━━ EXTRACTED ENTRIES

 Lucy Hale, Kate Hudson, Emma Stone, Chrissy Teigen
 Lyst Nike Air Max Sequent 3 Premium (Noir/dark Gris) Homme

━━━━
━━ EXTRACTED ENTRIES

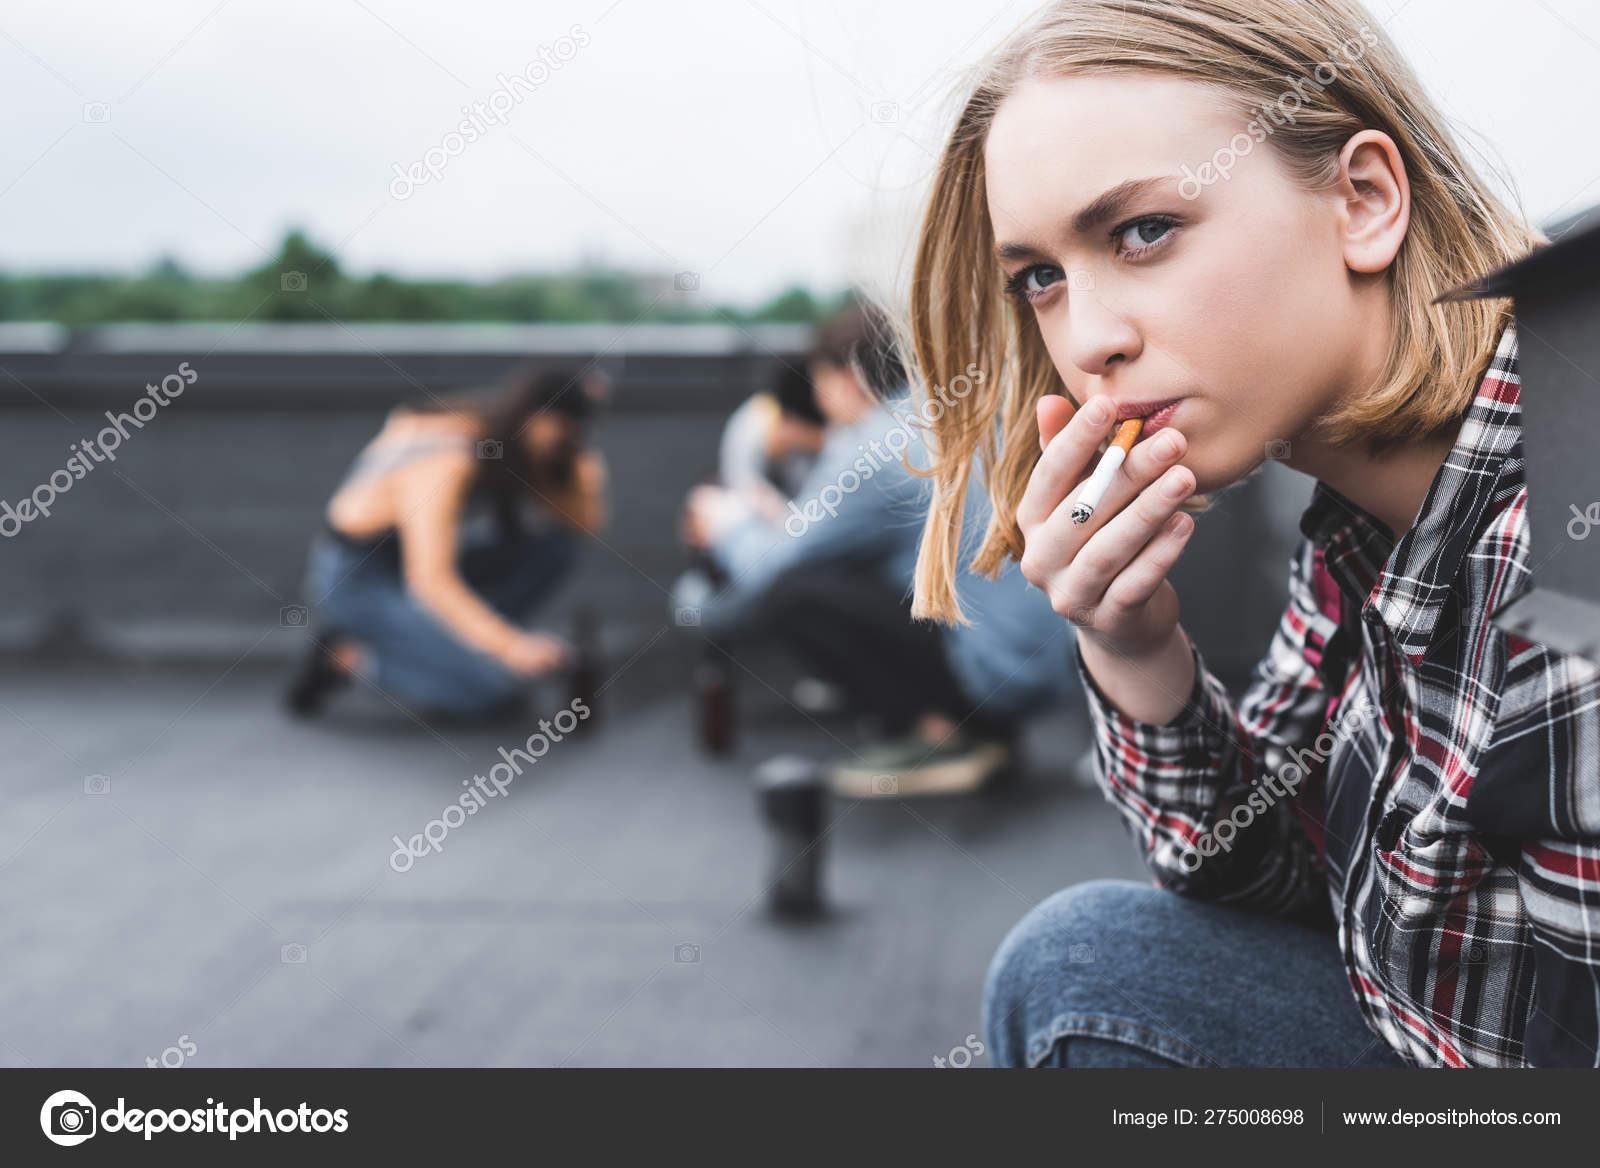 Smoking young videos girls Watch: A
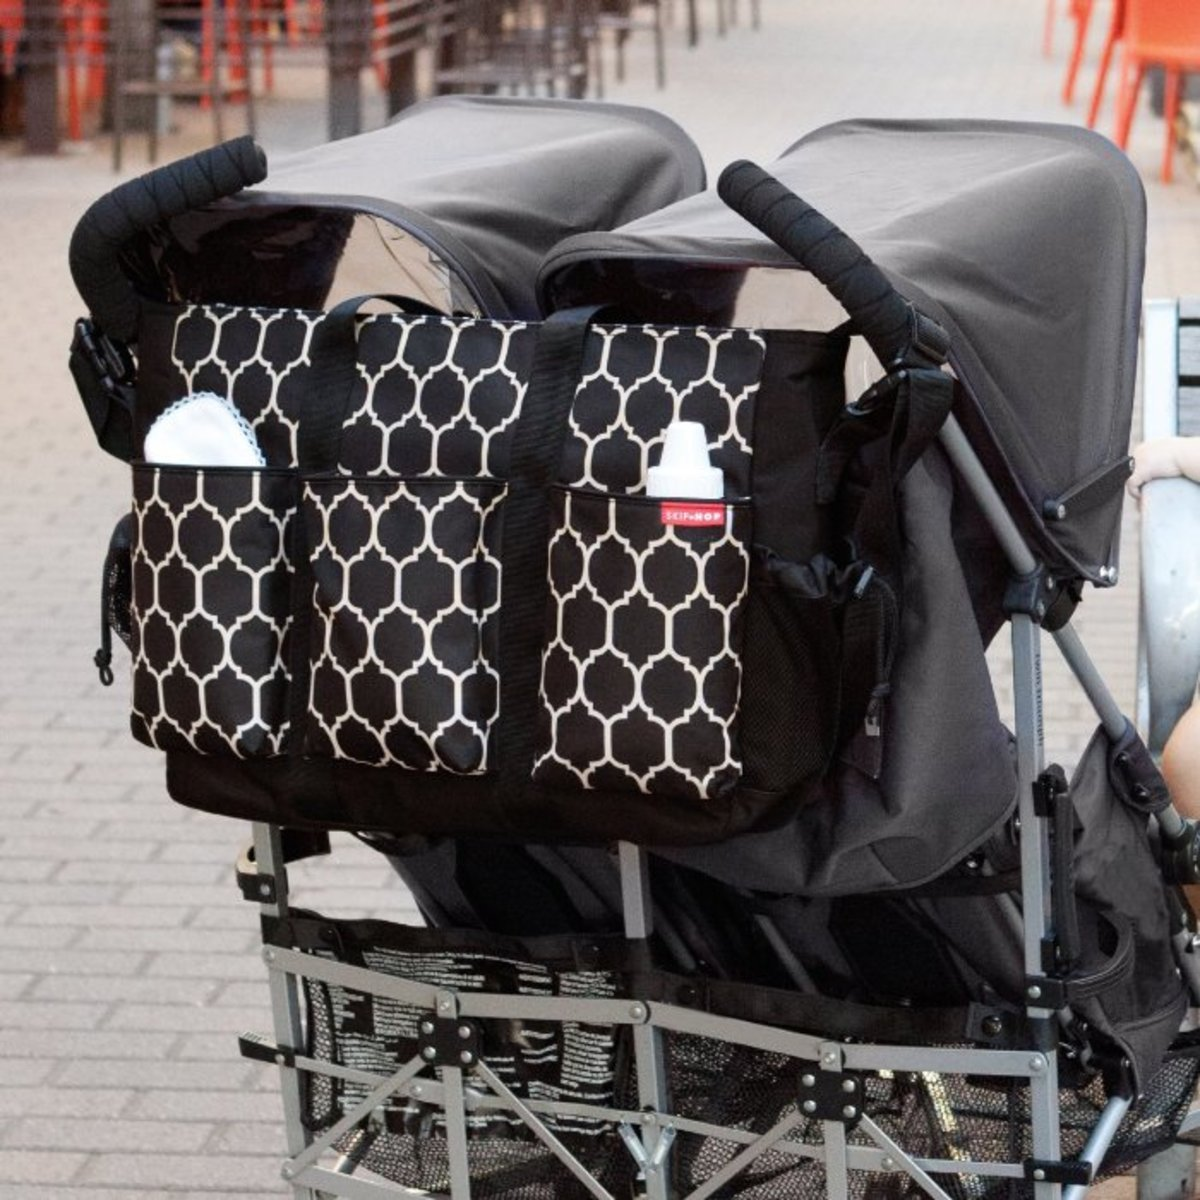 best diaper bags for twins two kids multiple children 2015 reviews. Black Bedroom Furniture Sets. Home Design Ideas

━━━━

* **WORK INSTRUCTIONS**
In the listing above, find the line containing "Lucy Hale, Kate" and the line containing "Lyst Nike Air", then retype both and every line between them exactly, with nothing else.

* **ANSWER TO THIS EXERCISE**
 Lucy Hale, Kate Hudson, Emma Stone, Chrissy Teigen
 Lyst Nike Air Max Sequent 3 Premium (Noir/dark Gris) Homme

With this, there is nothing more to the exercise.